I wrote this poem as a possible answer. What if we are  ………….

Entertaining Angels

When people flee from scenes of war and carnage,
when people know terror because of violent rage,
where is the place of sanctuary?

When families are split by conflict,
when wounded victims escape from bloodshed,
where will they find a refuge?

Where else but in the wounded healer,
inspired to welcome the asylum seeker,
encouraged to transform the stranger

When we offer sanctuary to such as the other,
we open the door to the child

To know our heart and home

Jesus often talked about food and gospel writers such as this morning’s storyteller we call John,
often put words in the mouth of Jesus to have him speak about food and eating. But from all the studies that have been undertaken on the ‘historical Jesus’, one thing seems sure – Jesus was not a literalist. He spoke so words would be eaten. When bread and wine are eaten, they become body and blood. They are more metaphor than fact. When body and blood are eaten, they become compassionate deeds. When compassionate deeds are eaten, they become as the Holy One in our neighbour.

Jesus often talked about food. As he moved from place to place he would seek rest in a house.
He would make his way to the cooking space because there he knew he could find food to transform his weariness into new energy and purpose. For it is the cooking space which is the place of transformations…

Brazilian Rubem Alves. suggested that; In the cooking space nothing is allowed to remain the same. Things come in raw, as nature produced them. And they go out different, according to the demands of taste and pleasure. The raw must cease to exist for something different to appear.
The hard must be softened. Smells and tastes which were dormant inside are forced to come out. Cooking is a magic kiss which wakes up sleeping pleasures. In a cooking space everything is a new creature. Everything is made anew. Mouth is the place of eating and drinking long before it is the place of speaking. Companions are those who eat bread and drink wine together.
We are what we eat.

John, our gospel storyteller this morning, consistently takes stories from the oral and written traditions about Jesus and moulds and reshapes them so they make new statements and suggestions about who Jesus was.

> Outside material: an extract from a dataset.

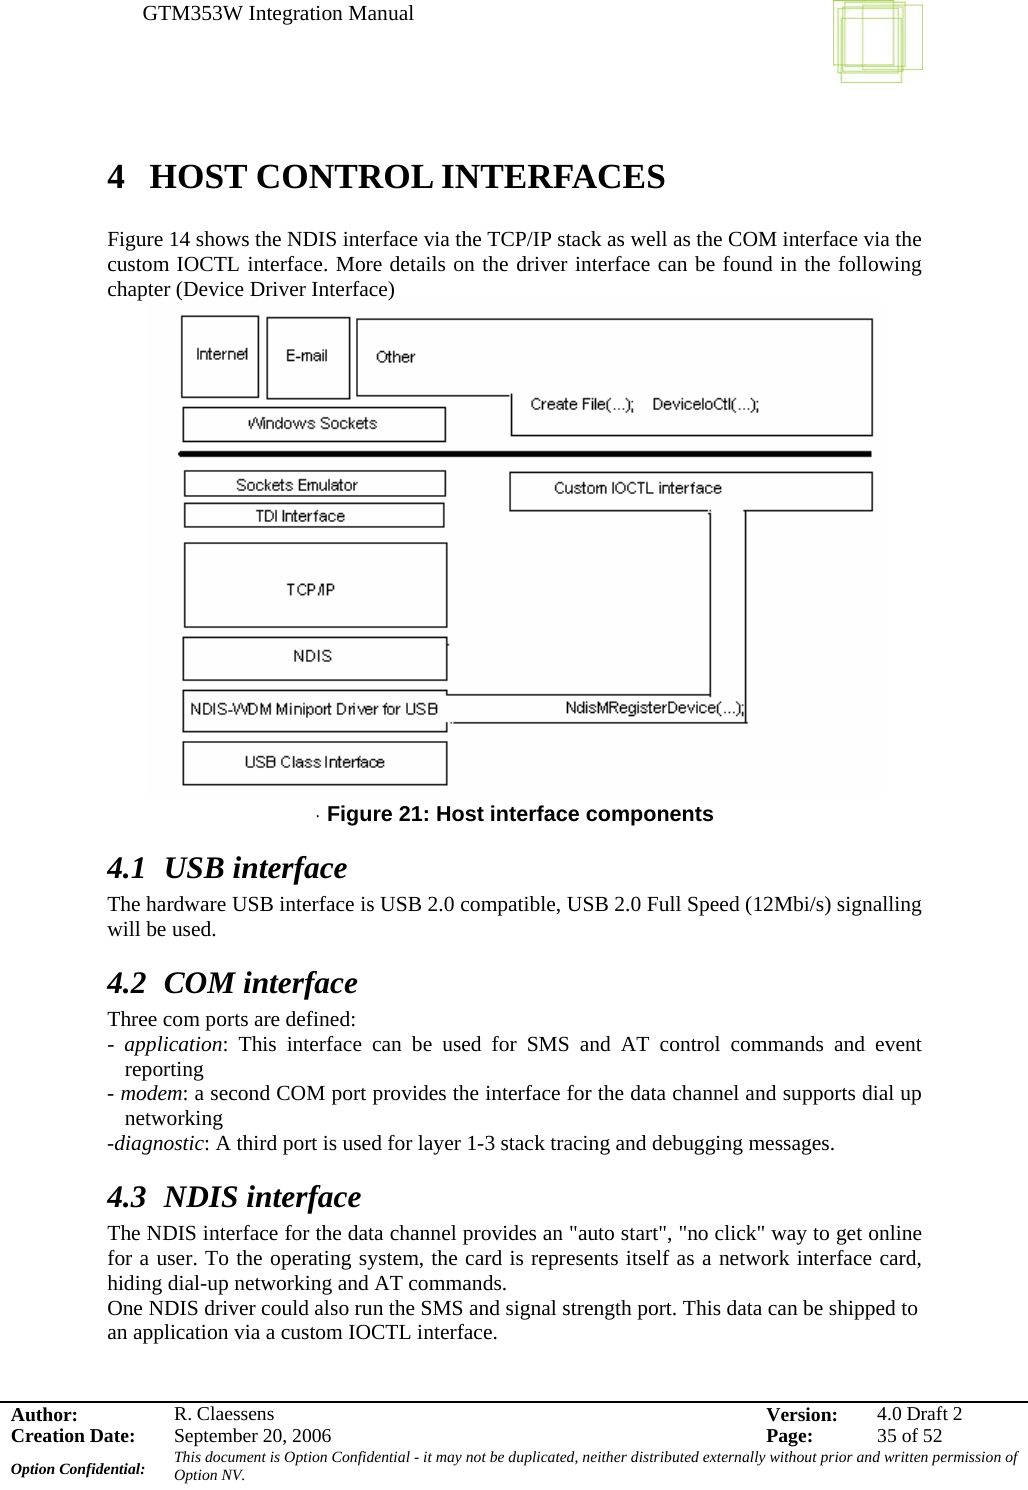 GTM353W Integration Manual      Author: R. Claessens  Version:  4.0 Draft 2Creation Date:  September 20, 2006  Page:  35 of 52 Option Confidential:  This document is Option Confidential - it may not be duplicated, neither distributed externally without prior and written permission of Option NV.    4 HOST CONTROL INTERFACES  Figure 14 shows the NDIS interface via the TCP/IP stack as well as the COM interface via the custom IOCTL interface. More details on the driver interface can be found in the following chapter (Device Driver Interface)  · Figure 21: Host interface components 4.1 USB interface The hardware USB interface is USB 2.0 compatible, USB 2.0 Full Speed (12Mbi/s) signalling will be used. 4.2 COM interface Three com ports are defined: -  application: This interface can be used for SMS and AT control commands and event reporting - modem: a second COM port provides the interface for the data channel and supports dial up networking -diagnostic: A third port is used for layer 1-3 stack tracing and debugging messages. 4.3 NDIS interface The NDIS interface for the data channel provides an &quot;auto start&quot;, &quot;no click&quot; way to get online for a user. To the operating system, the card is represents itself as a network interface card, hiding dial-up networking and AT commands. One NDIS driver could also run the SMS and signal strength port. This data can be shipped to an application via a custom IOCTL interface. 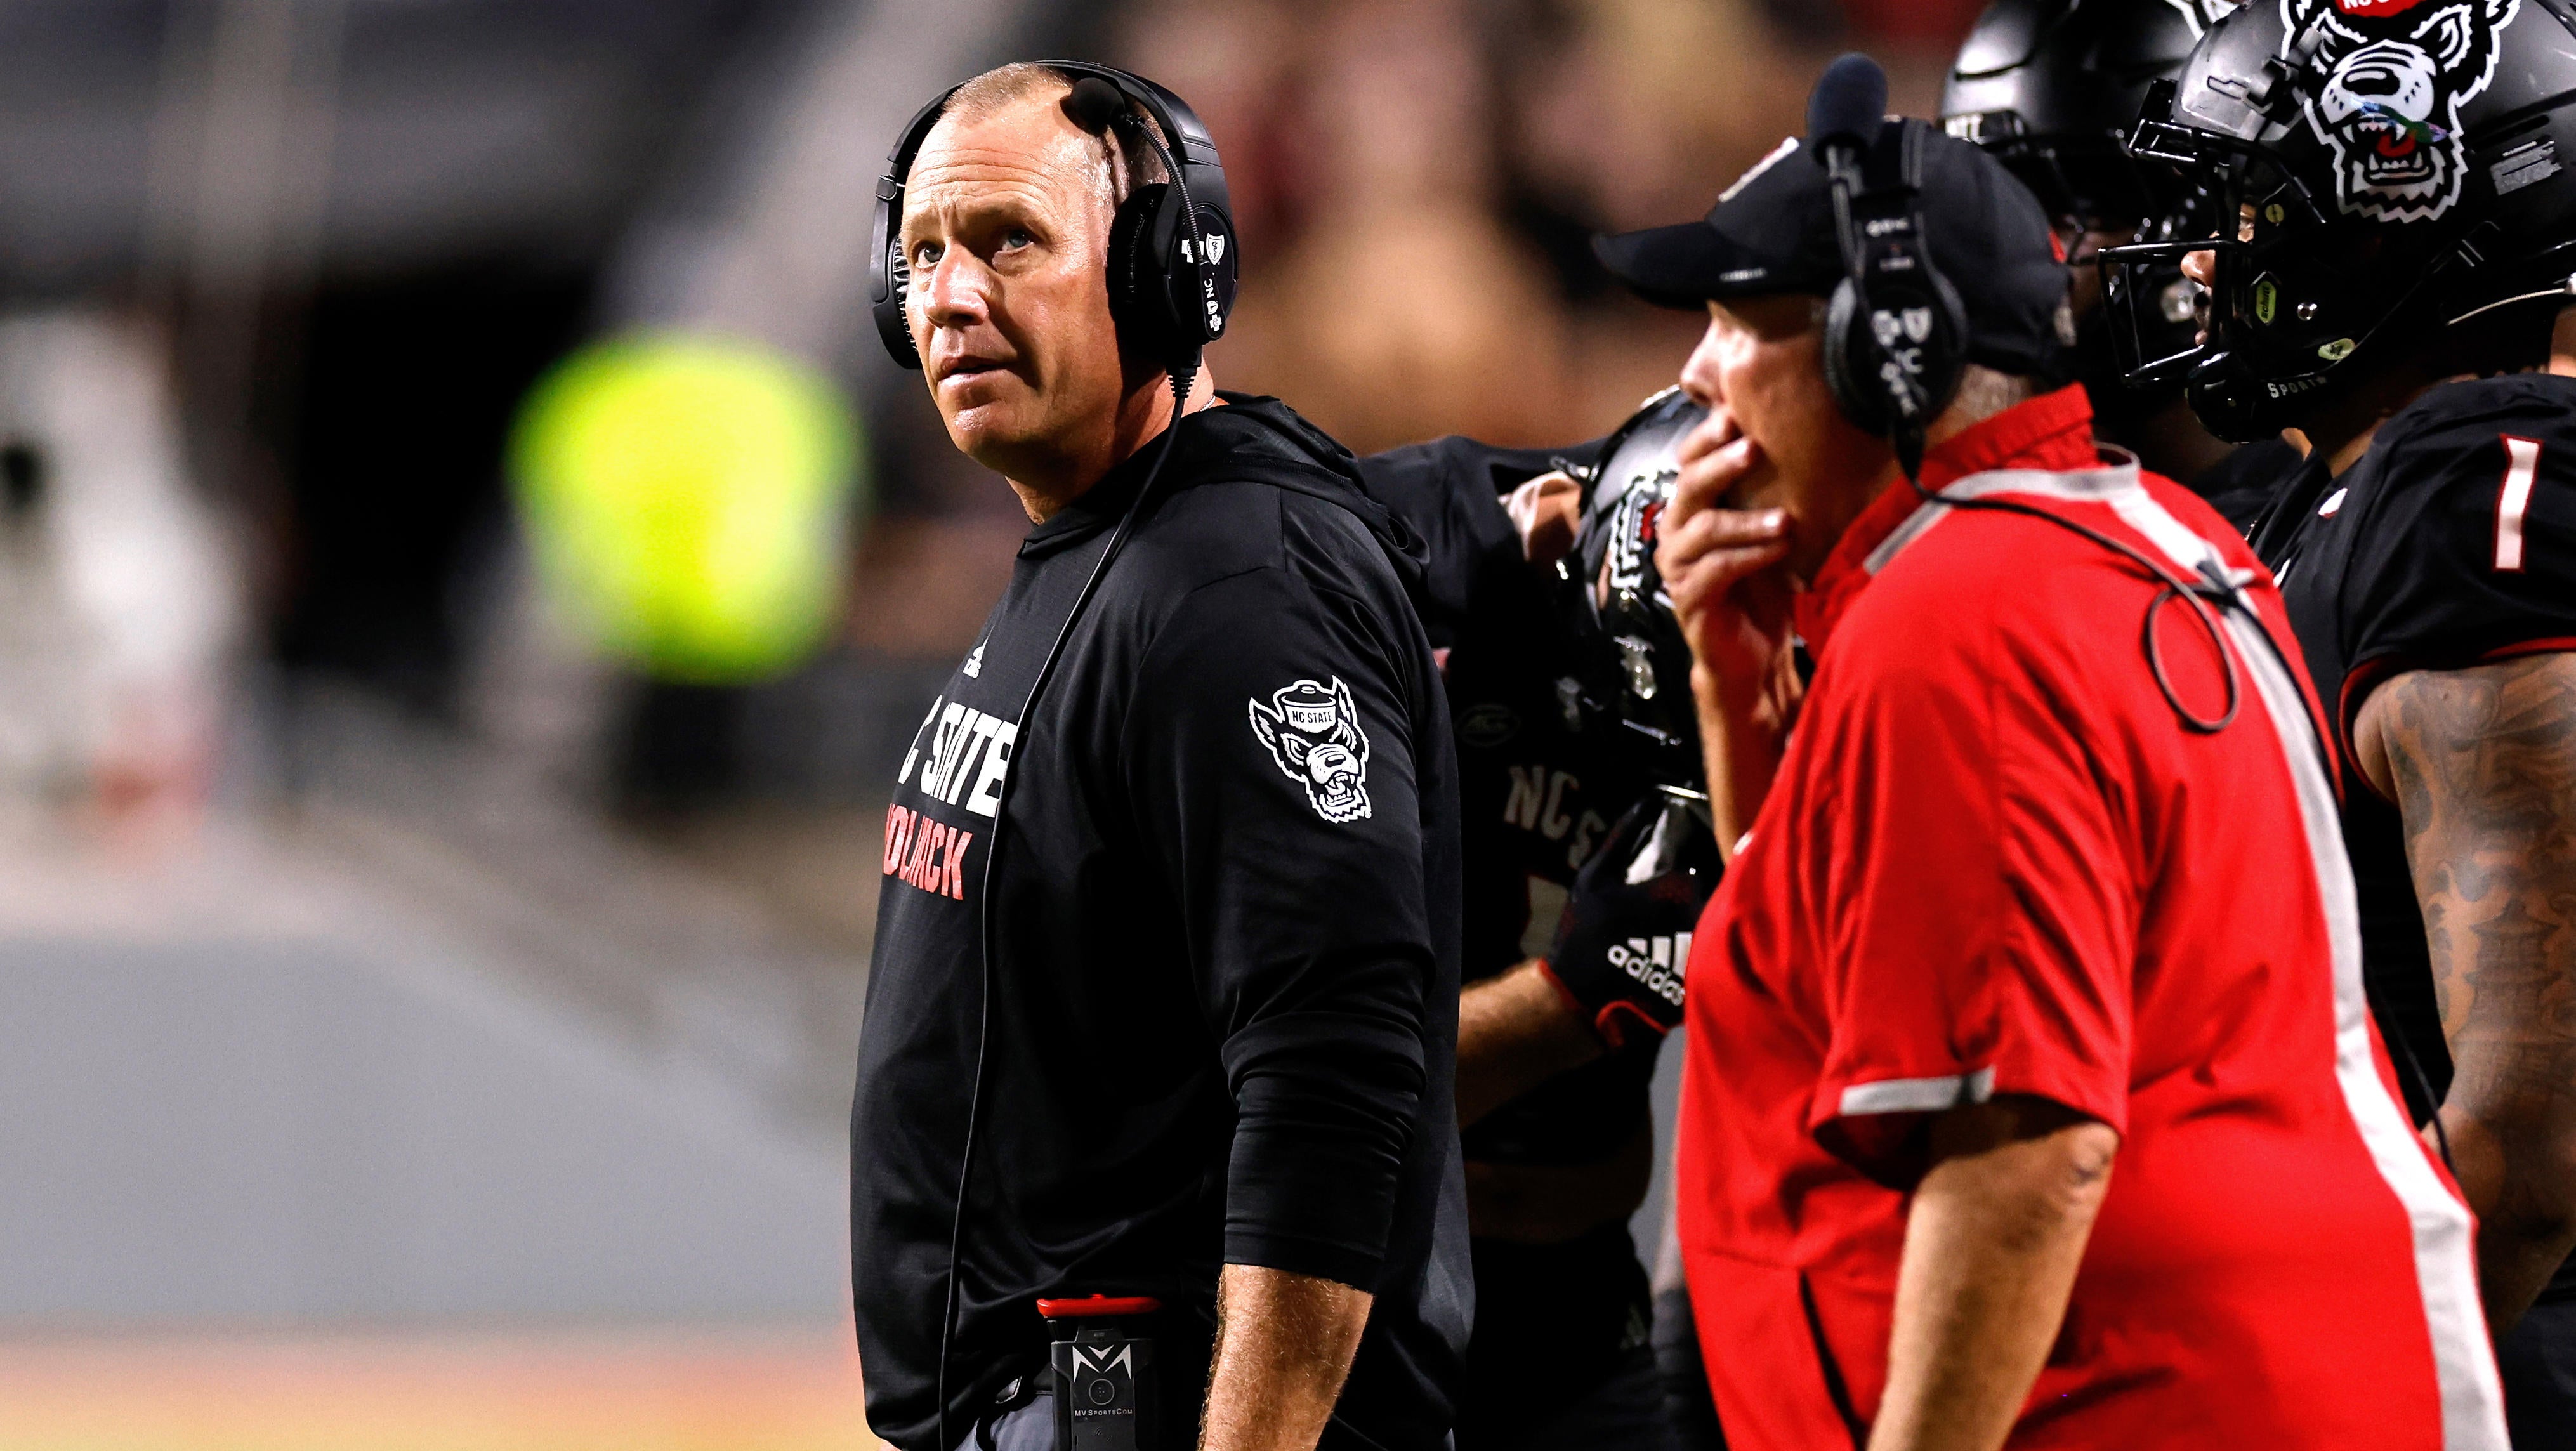 NC State coach Dave Doeren blasts Steve Smith Sr. for ‘basketball school’ crack: ‘He can kiss my ass’

Bishop John Shelby Spong suggests that these statements
show evidence of a long theological development, and are so poetic and skillfully crafted, they
“cannot possibly have been the literal words of the historic Jesus”

(Spong 1991:186).

While William Loader suggests that what John wanted to say was important, was that Jesus is intimately linked to God. So, for storyteller John, Jesus so much represents God, that divine attributes easily transfer to him, in this the most symbolic of Gospels in our religious tradition.

In our particular story, often called ‘The feeding of the 5000’, storyteller John continues to have 
little sympathy for the crowds who follow because of the so-called ‘miracles’. For they fail to see this story is a sign of something more. For John it seems that when bread and wine are eaten, they become body and blood. When body and blood are eaten, they become new energy and new purpose, transforming weariness into compassionate deeds. When compassionate deeds are eaten, they become as the Holy One in our neighbour. This is akin to the Hebrew understanding of the Passover as an event relived in real time. Each Passover is the liberation of people from bondage. The Passover meal becomes mre than symbol, more that mirackle, it is a new reality.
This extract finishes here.